Parshas Netzavim: The times, they are remarkable

This article was printed in the Cleveland Jewish News.

We live in unbelievable times. As the world is moving so fast around us, it is hard to take the time to slow down and appreciate it.

We are the first generation in nearly 2,500 years since the destruction of the First Temple, that can witness the majority of the world’s Jewish population living in the land of Israel. Remarkable.

What is even more remarkable is when we consider that 2,500-year lapse and what we endured. The persecution of the Babalonians and Persians. The call to build the Second Temple and the Second Commonwealth, which was ignored by the majority. Indeed, the majority of the Jewish population during the Second Temple time period remains in Babylon.

The Roman persecution, wars and destruction. Millions of Jews being slaughtered and enslaved. The onslaught of Christianity. The rise of Islam. The Crusades. Spanish Inquisition and Expulsion The Chmelnytzki Massacres. Shabtai Tzvi. The Haskala. World War I. The Bolshevik Revolution. World War II. The Holocaust. And after all that, we are not only still here, few in number, dispersed all over the world, observing the same Torah, but we make our way home and flourish. This alone is a fairytale.

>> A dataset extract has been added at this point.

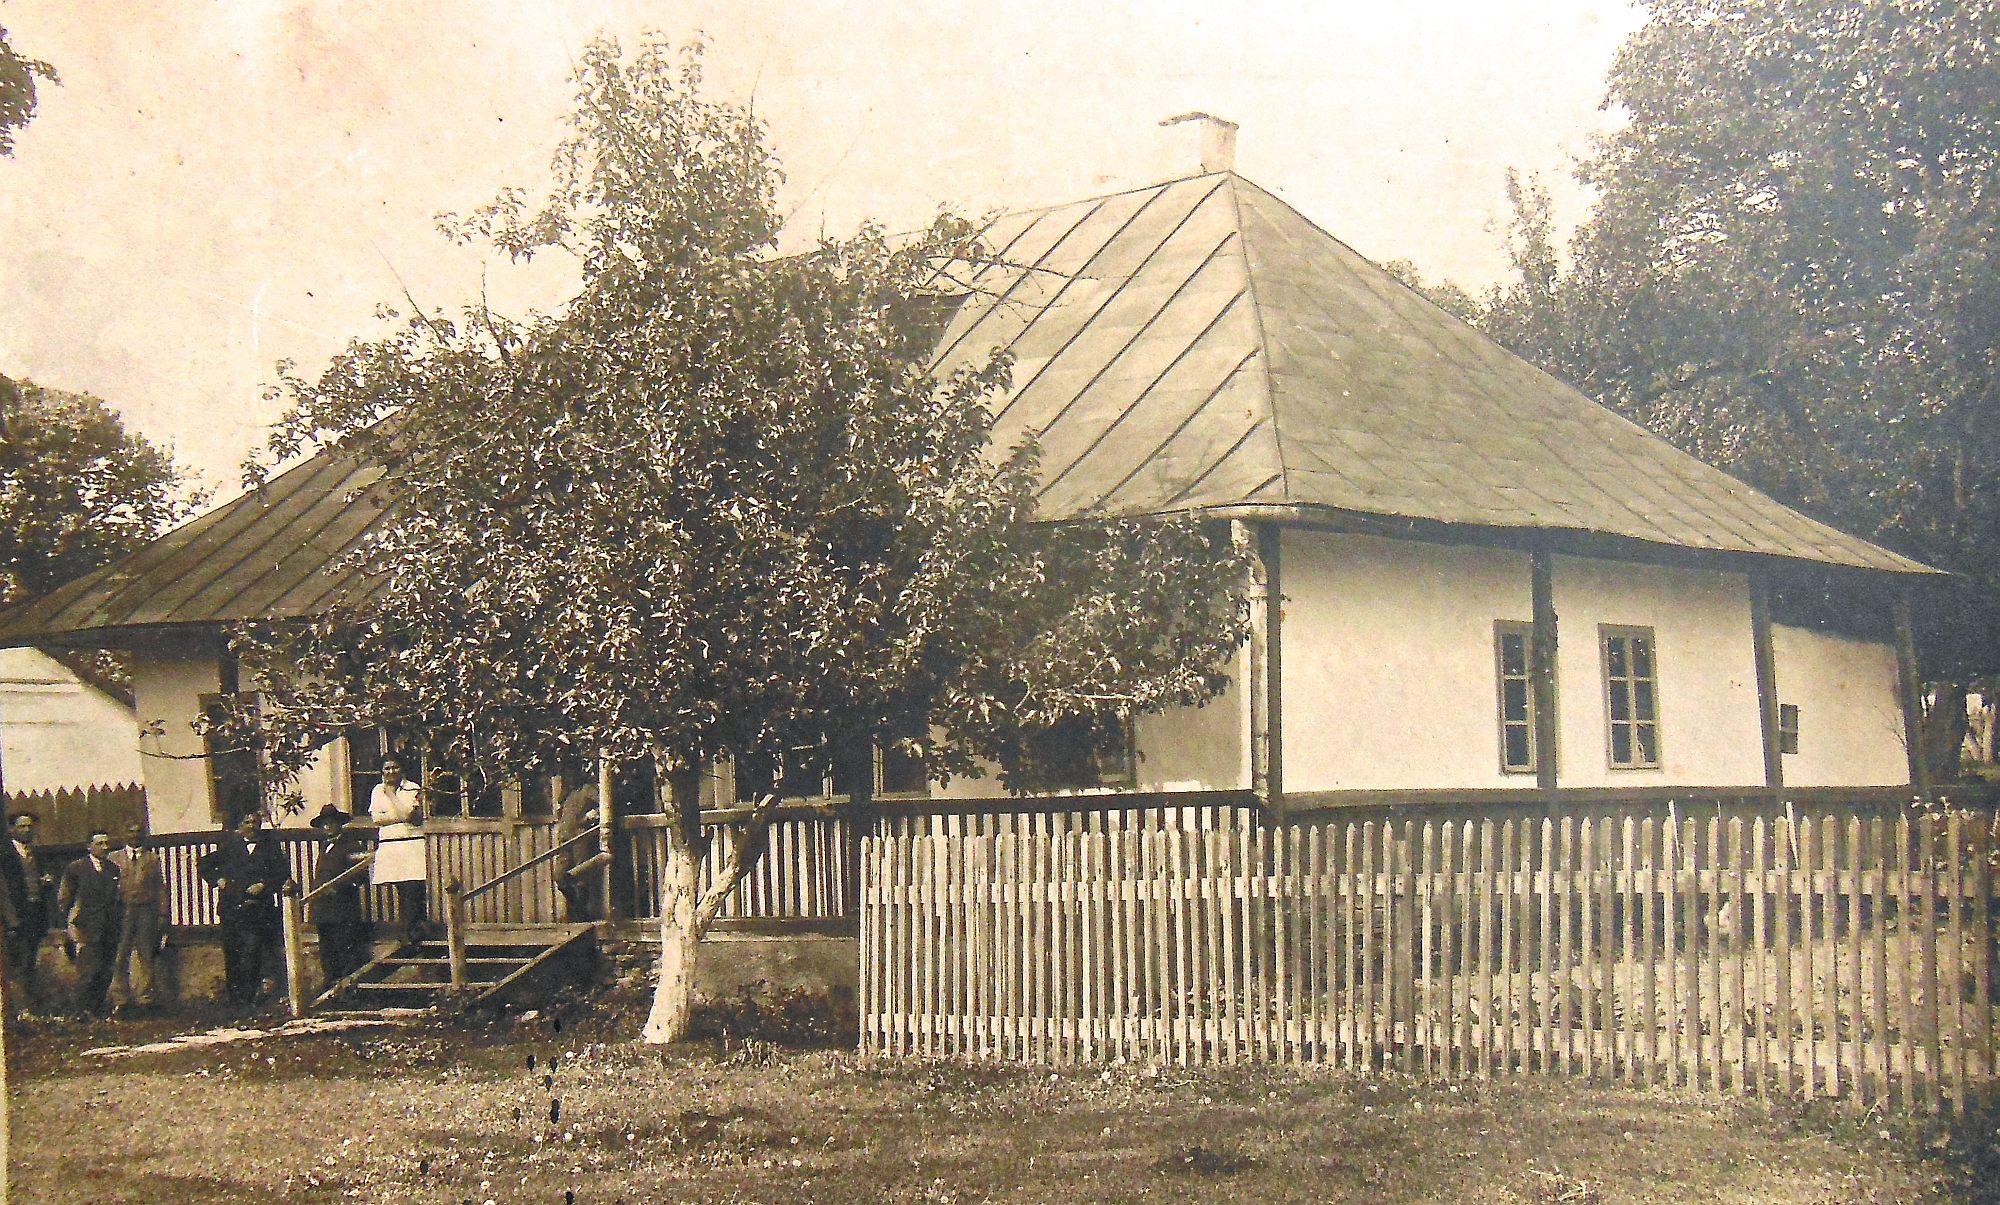 02_B_B0_CASA Enescu Mihaileni in 1923 Kopie

If we had told our ancestors at any point in the aforementioned narrative, ‘Don’t worry, one day we will return to Israel,” while they were yearning for it, the reality was so far from them. Yet, here we are. And if this miraculous picture is not enough, top it off by the fact that it was all prophesied by Moshe. He tells the people, don’t get too comfortable in the land because you won’t be there long. You will be conquered. Dispersed. Persecuted. Oppressed.

But don’t worry, because in the end you will return to the land promised to Avraham, Yitzchok and Yaakov. The land of Israel. We live in the generation that has been privileged to see every step of this prophecy come true.